I love seeing the paintings in several stages. I can’t imagine how you do that, but all the same I appreciate getting to go behind the scenes.
I am not an artist who can face doing a time lapse video – it interfers with my thinking too much!
Interesting conundrum, which you seem to have solved marvelously. I never noticed a color shift in acrylics. I will have to look for it. I used to notice the shift in oils between application and drying but haven’t paid much attention to that anymore. I’m not sure why I stopped noticing. Maybe I should notice!
The drying time of acrylics is indeed fast. When I’m painting in acrylic, it’s the fast drying that I seek to exploit. So I don’t try to slow it down. But I lay out the palette very differently than when I use oil. For oil, I put out all the colors I think I shall want. For acrylics, I put out the colors I want now. Now is defined as “the next five minutes.” I am always opening tubes, mixed, using, scraping the palette clean again. Open the tube again, etc. Hardest thing to get used to was opening tubes and closing tubes of paint constantly. But I’m accustomed to it now. I approach color as I would when using pastel. You reach for the stick you want. In the case of acrylic paint you are, as it were, composing the stick you want. You reach for it now. Use it. The paint dries. That requires reaching for “another stick of color.”
I think of all art tools now as just pigment on surface. Optically, they all work about the same as long as the color properties are the same. The same pigments mixed together produce the same results across media. Sometimes the binder alters color a bit, but its relative since you are with each medium using the same binder.

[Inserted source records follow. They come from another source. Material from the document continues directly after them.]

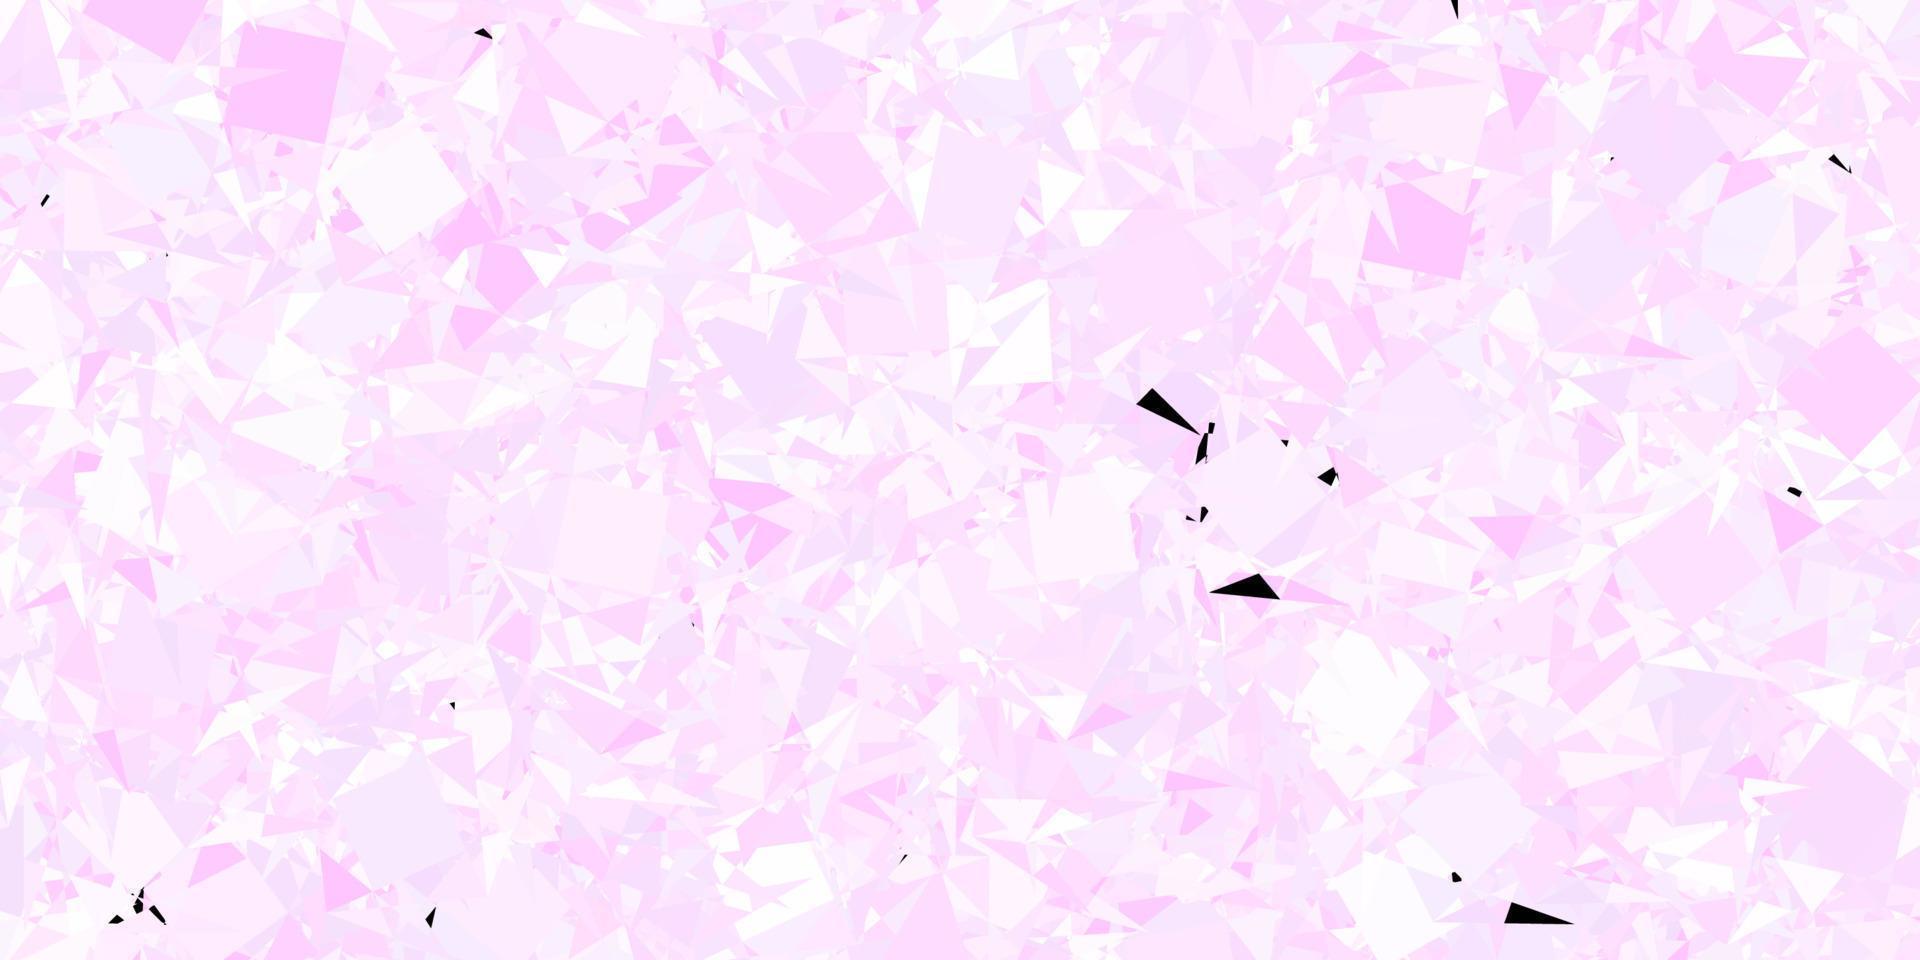 mörk lila vektor bakgrund med polygonala former.
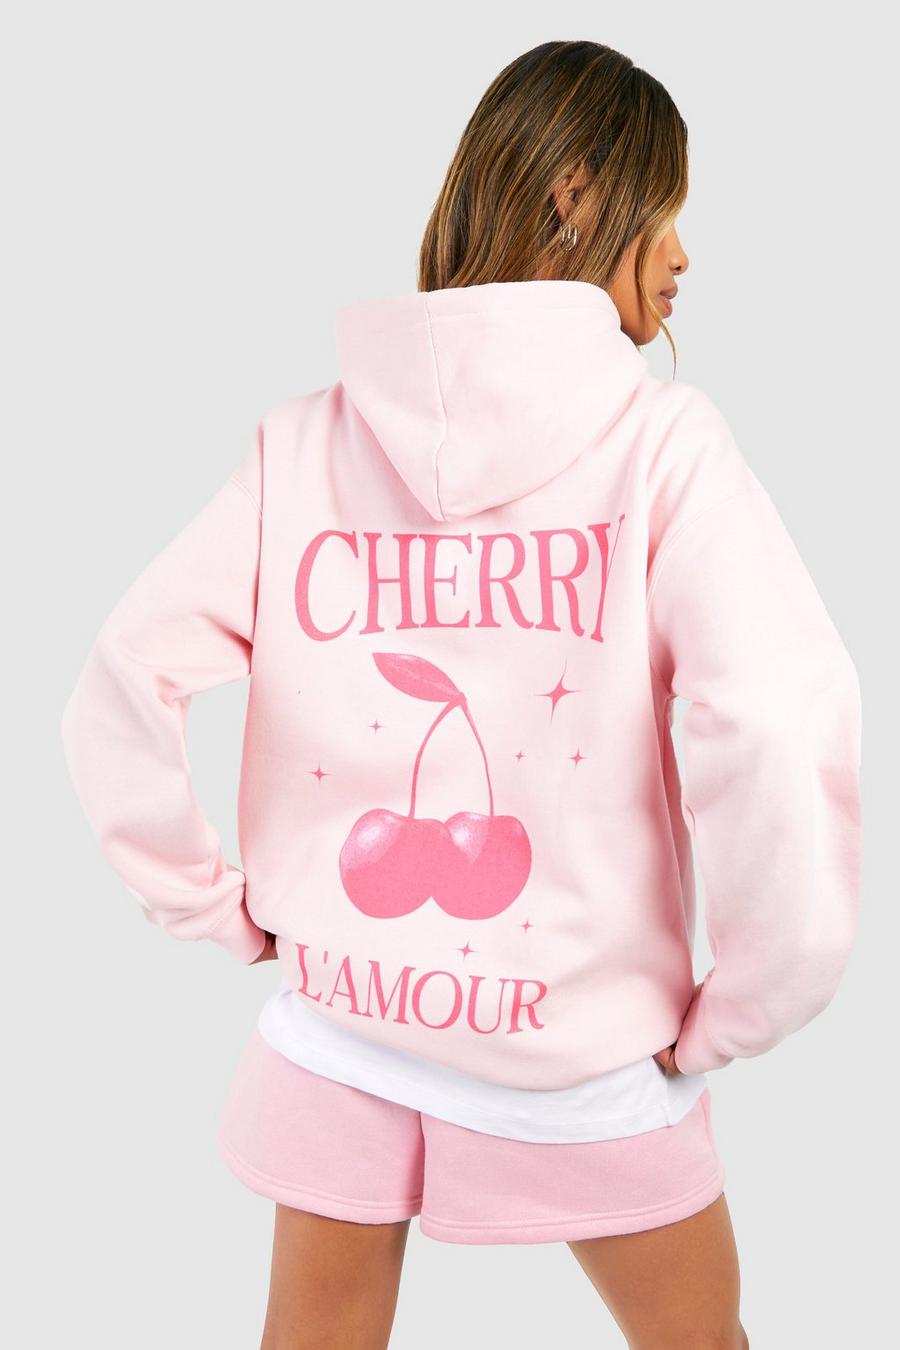 Sudadera oversize con capucha y estampado Cherry L'amour en la espalda, Light pink
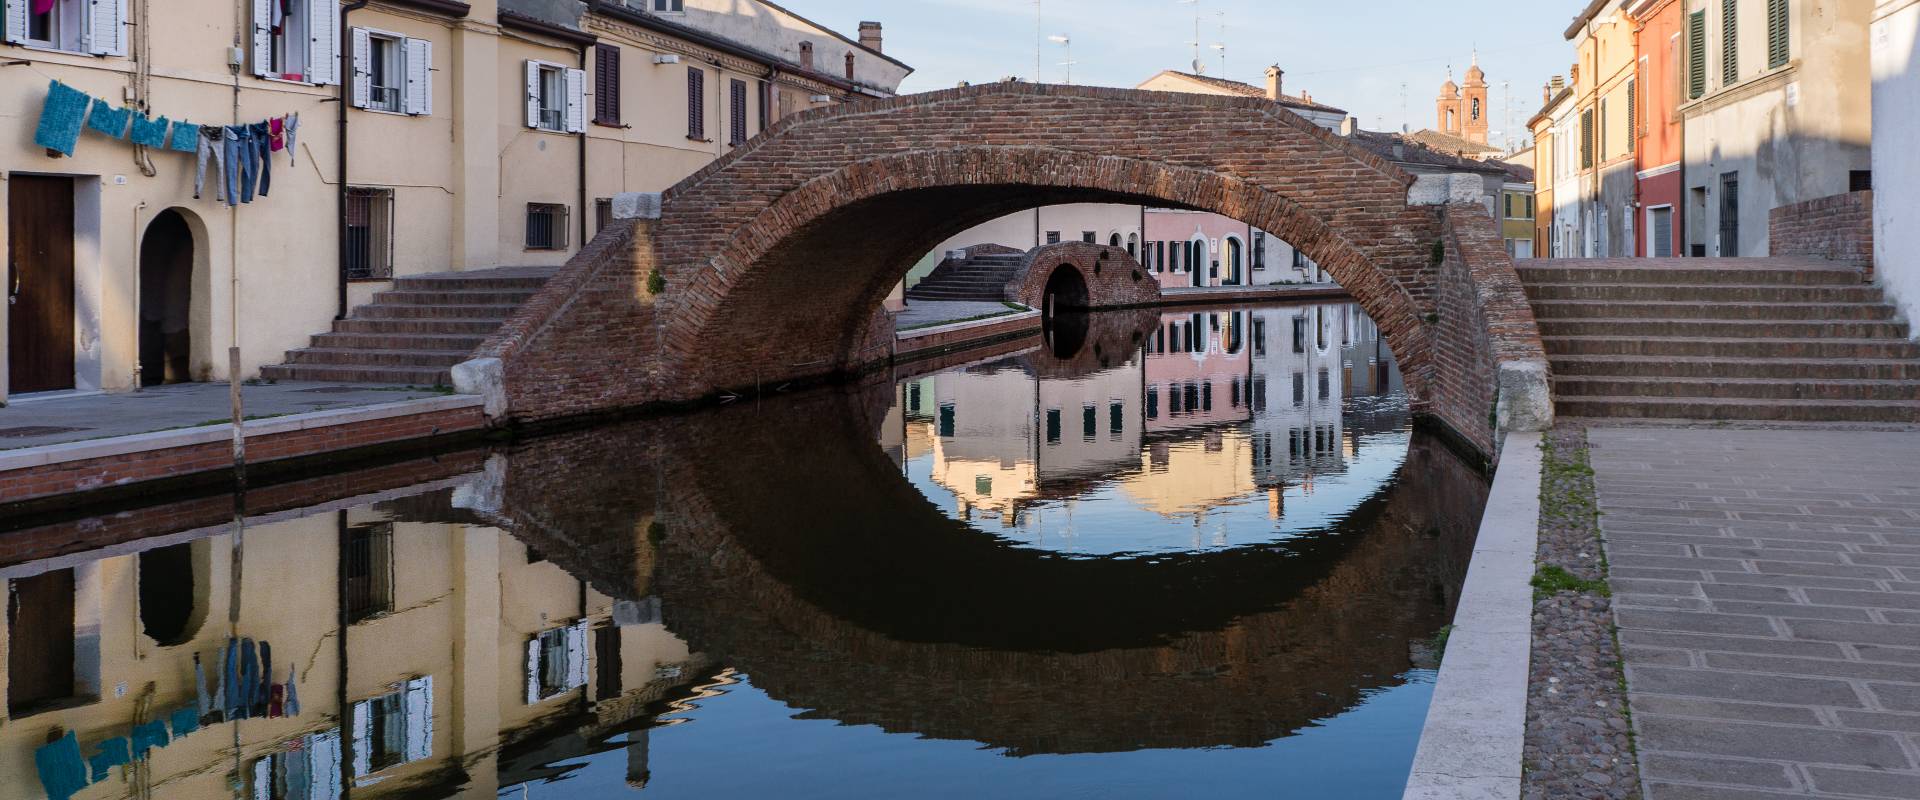 Ponte San Pietro nel centro storico di Comacchio foto di Vanni Lazzari
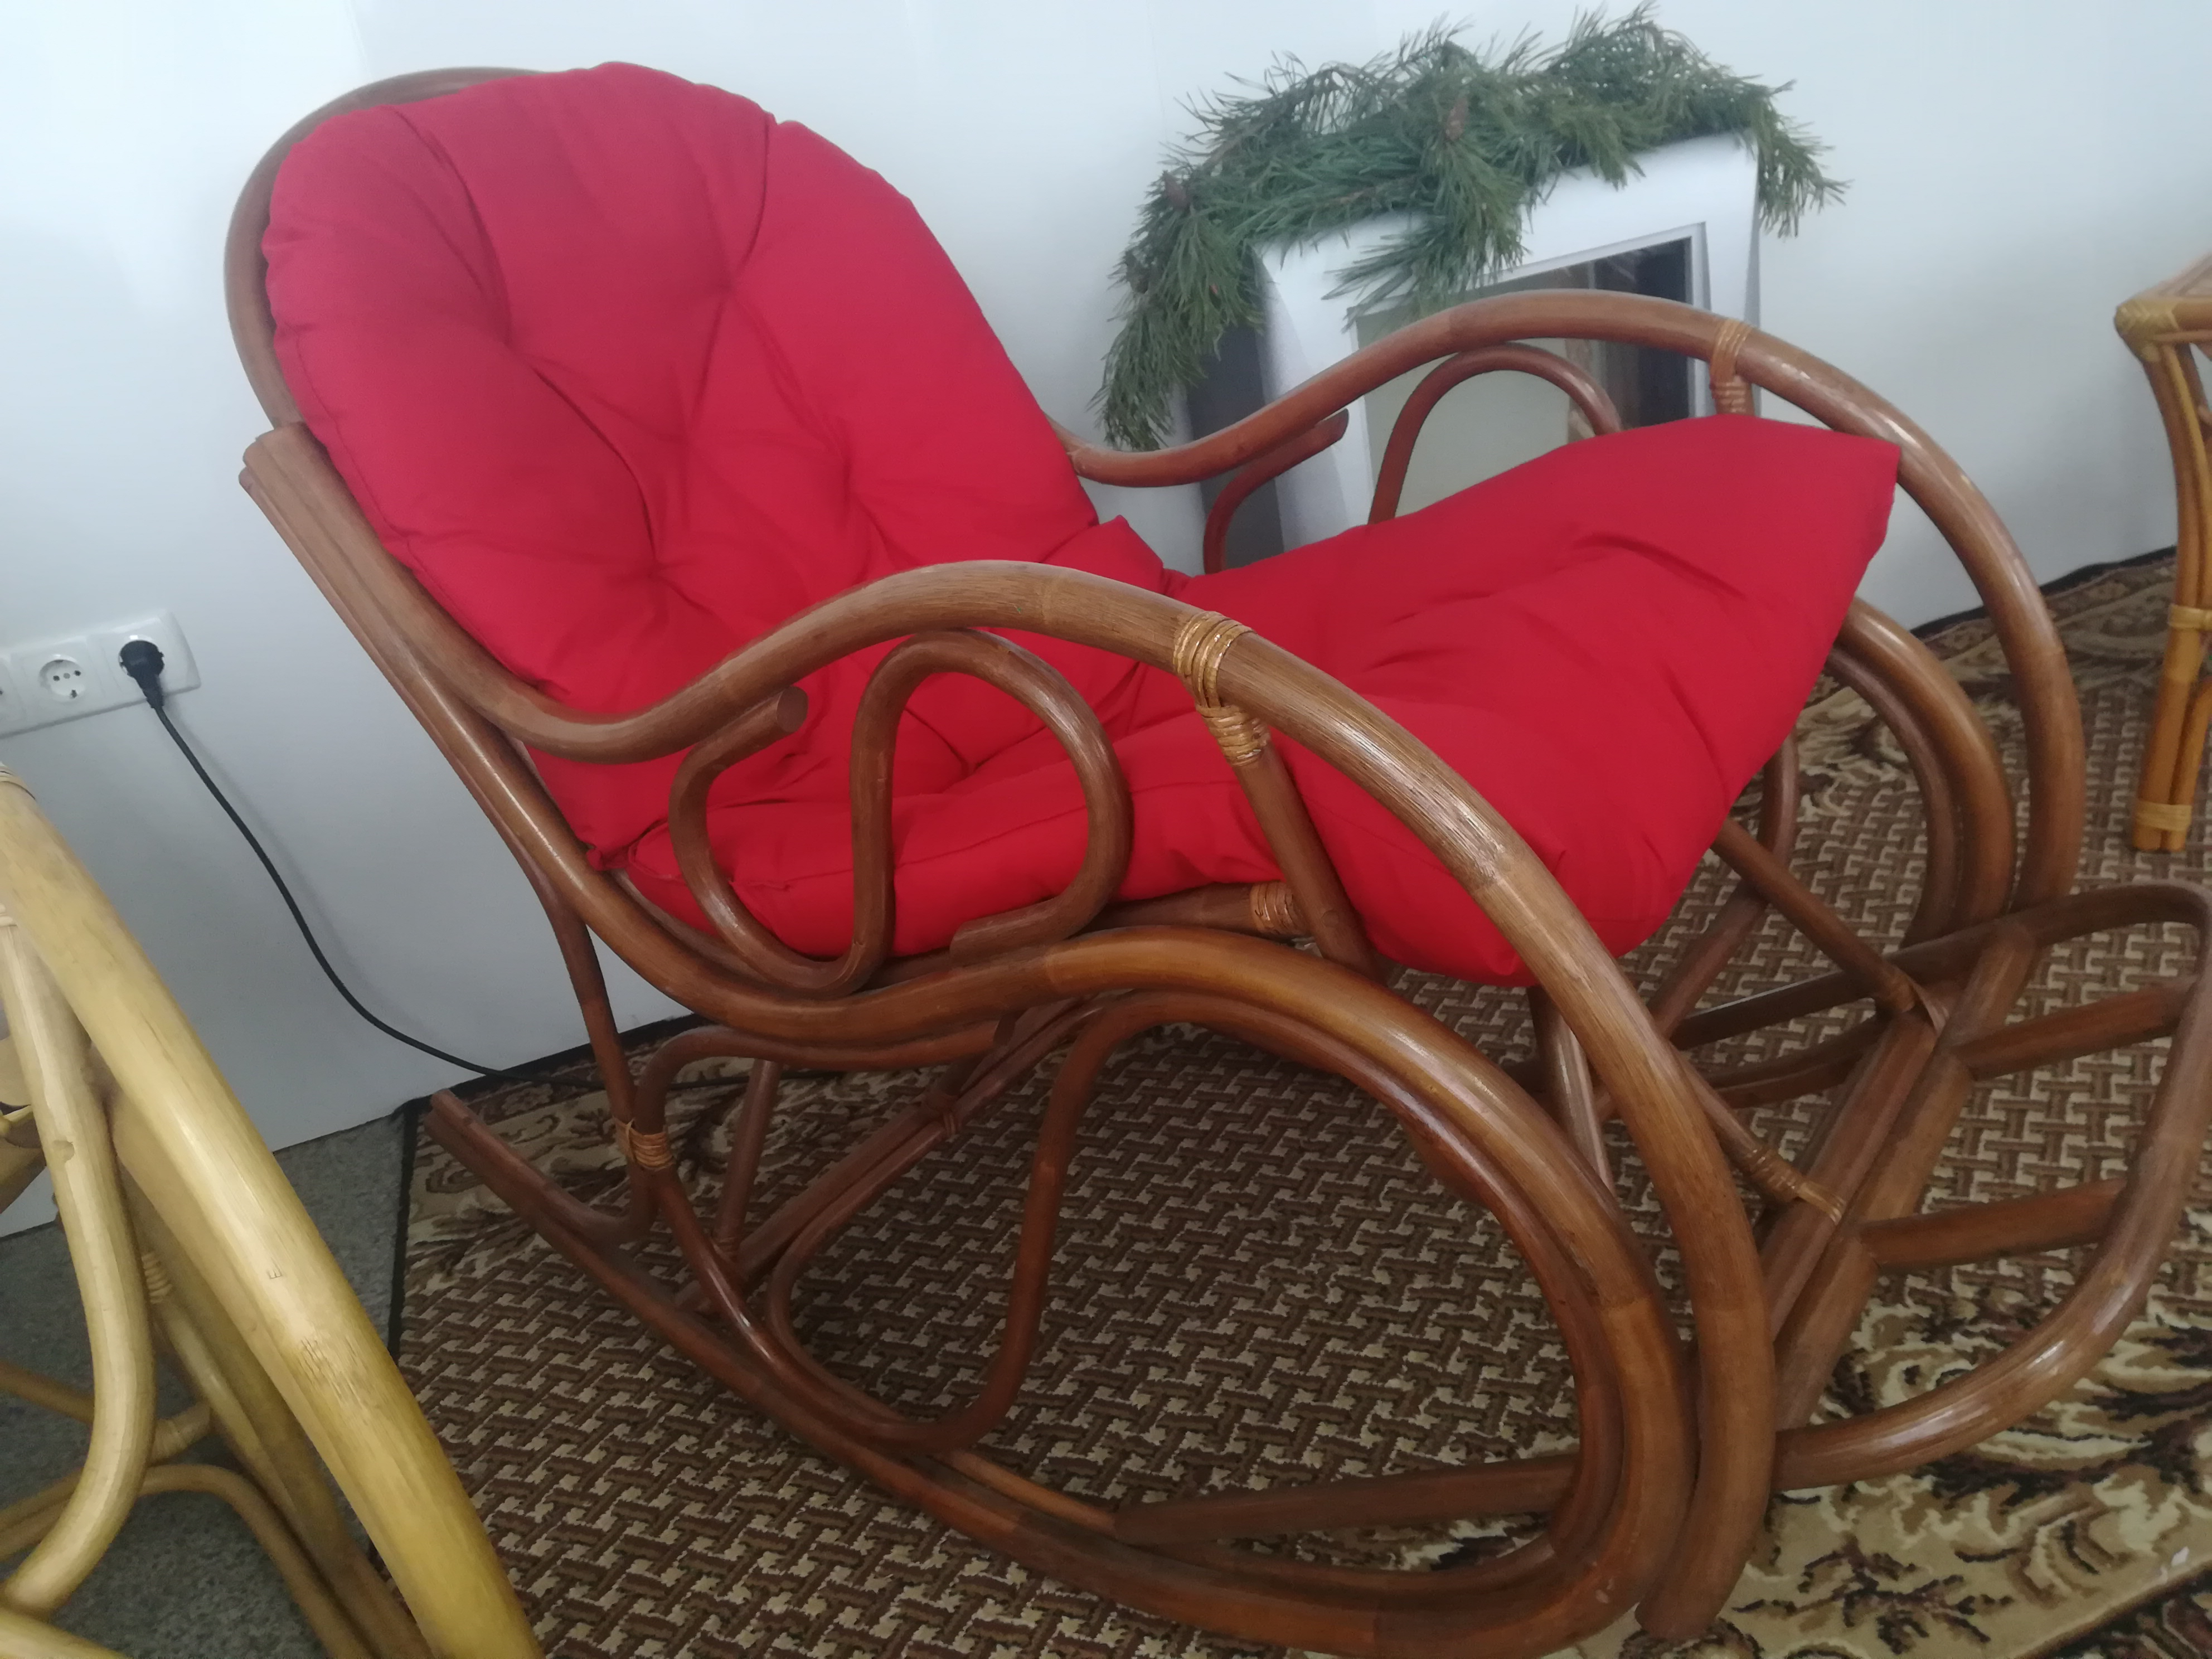 Кресло-качалка из натурального ротанга

Since artists paint in different styles one really has to find the solutions amenable to one’s style. I found with acrylic that mixtures with white sometimes let some bits of white appear (because paint was not thoroughly, uniformly mixed), so I began mixing lighter shades (sometimes) using pre-mixed paint. Thus to get a lighter blue, I’d add a tube of pre-mixed light blue to the straight blue. Any bit that didn’t mix completely still has blue as the underlying hue rather than harkening back to the bold white of canvas. I found this works well for me. Sometimes the optical properties I want can be met halfway by mixing these “almost” shades rather than mixing pure colors plus white as one does with oil. But, again, it’s an idea I got from using pastels (or wax “oil” pastels) where you have all sorts of shades and tints already made.
Whenever I want a continuous tone, when possible I reach for an out-of-the-tube solution. But it’s rare in my painting that I want that effect since I tend toward broken color. I’m usually looking for more ways to break up the color, looking at Monet and asking, “Claude, how’d you do it?”
My original shift to acrylic was, like yours, practical. When I wanted to paint larger I needed the fast drying paint because of the dog. Where are you going to store a large wet canvas? When there’s more than one it’s a problem multiplied because anything that is low enough to the floor to be within aim of a large, happy dog’s tail presents a hazard. A dog’s wagging tail is just another sort of brush that can carry wet paint from one location to another!
Dog tail painting is a whole other thing – I have cats running around in a small space and a husband who is very sensitive to the fumes! That reaching for paints/sticks is very important. My oil paints have a certain arrangement so i know where the colours are but my stay wet palette is too small to have a permanent spot for the acylics. It’s quite good that you have to screw the lids on straight away to avoid them drying up – it makes for a much tidier box of acrylic paint (compared with the poor old oils…I can never through a tube away no matter have tatty if there’s a bit of useable paint left in it).
All the bits of external life, unseen as far as a painting goes, that nevertheless shape its creation — like accommodations for dogs and cats! I wonder if Giotto had a menagerie … he might have! At long last the rule is: “whatever works.”
[…] Adventures in Acrylic Paint […]
Thanks for introducing me to the quirks and challenges of using acrylic paint. You seem to have conquered some of the most frustrating aspects.